**What the exercise asks:** Output the listing word for word, minus pictures.
*** Data provided ***
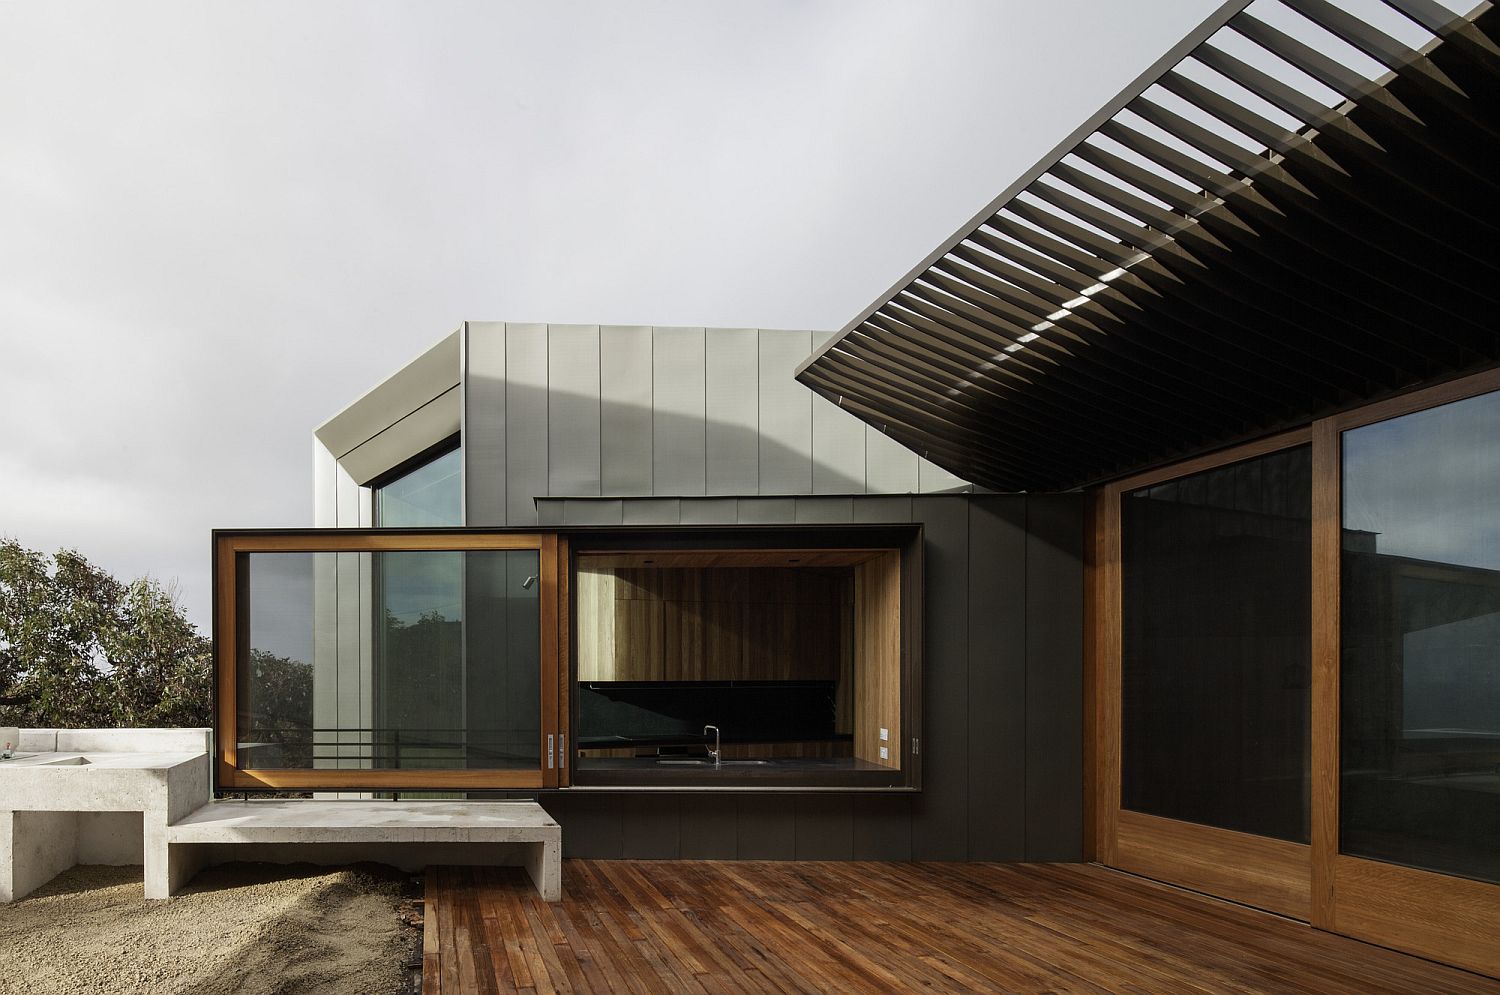 Design of the house feels like scenography with views framed beautifully
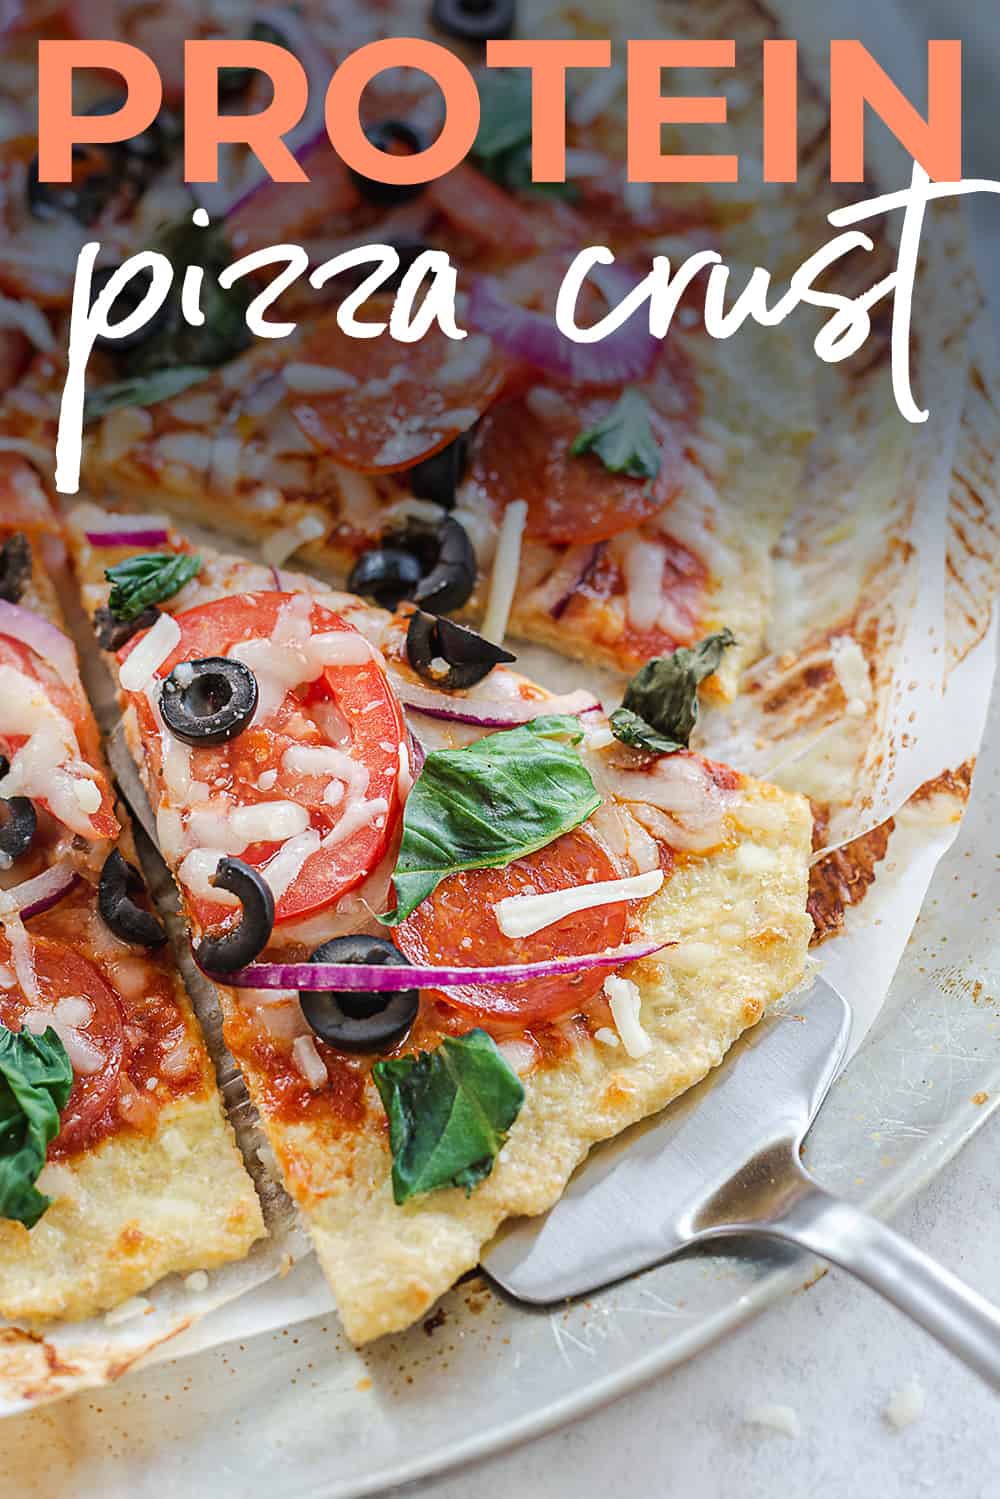 protein pizza crust with text for Pinterest.
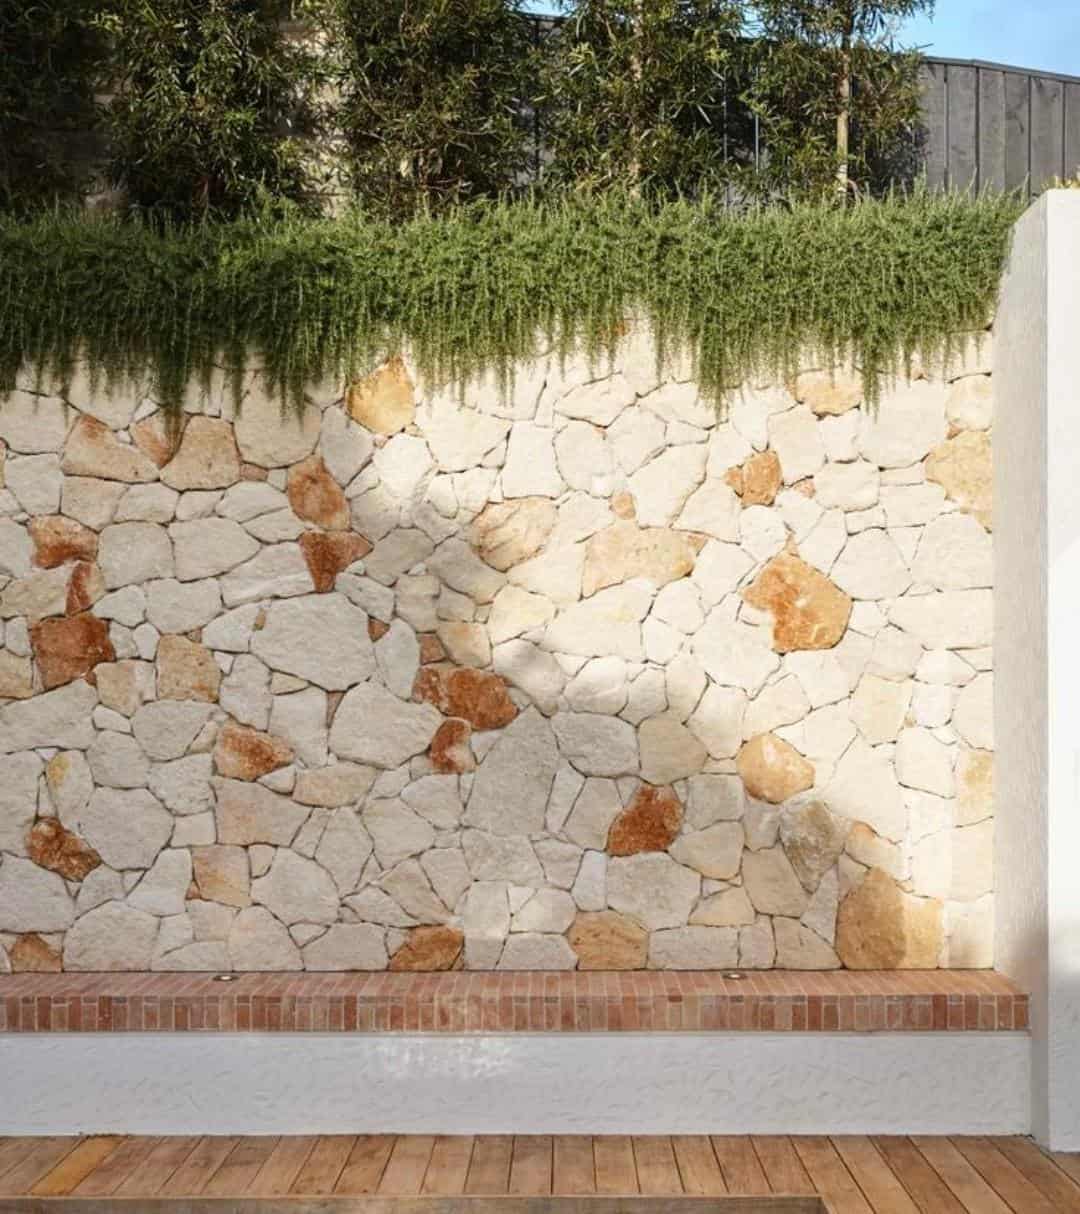 Stunning Exterior Stone Wall Design Ideas: Point Piper Enclave
*** End of Data provided ***
**Your solution:**
 Design of the house feels like scenography with views framed beautifully
 protein pizza crust with text for Pinterest.
 Stunning Exterior Stone Wall Design Ideas: Point Piper Enclave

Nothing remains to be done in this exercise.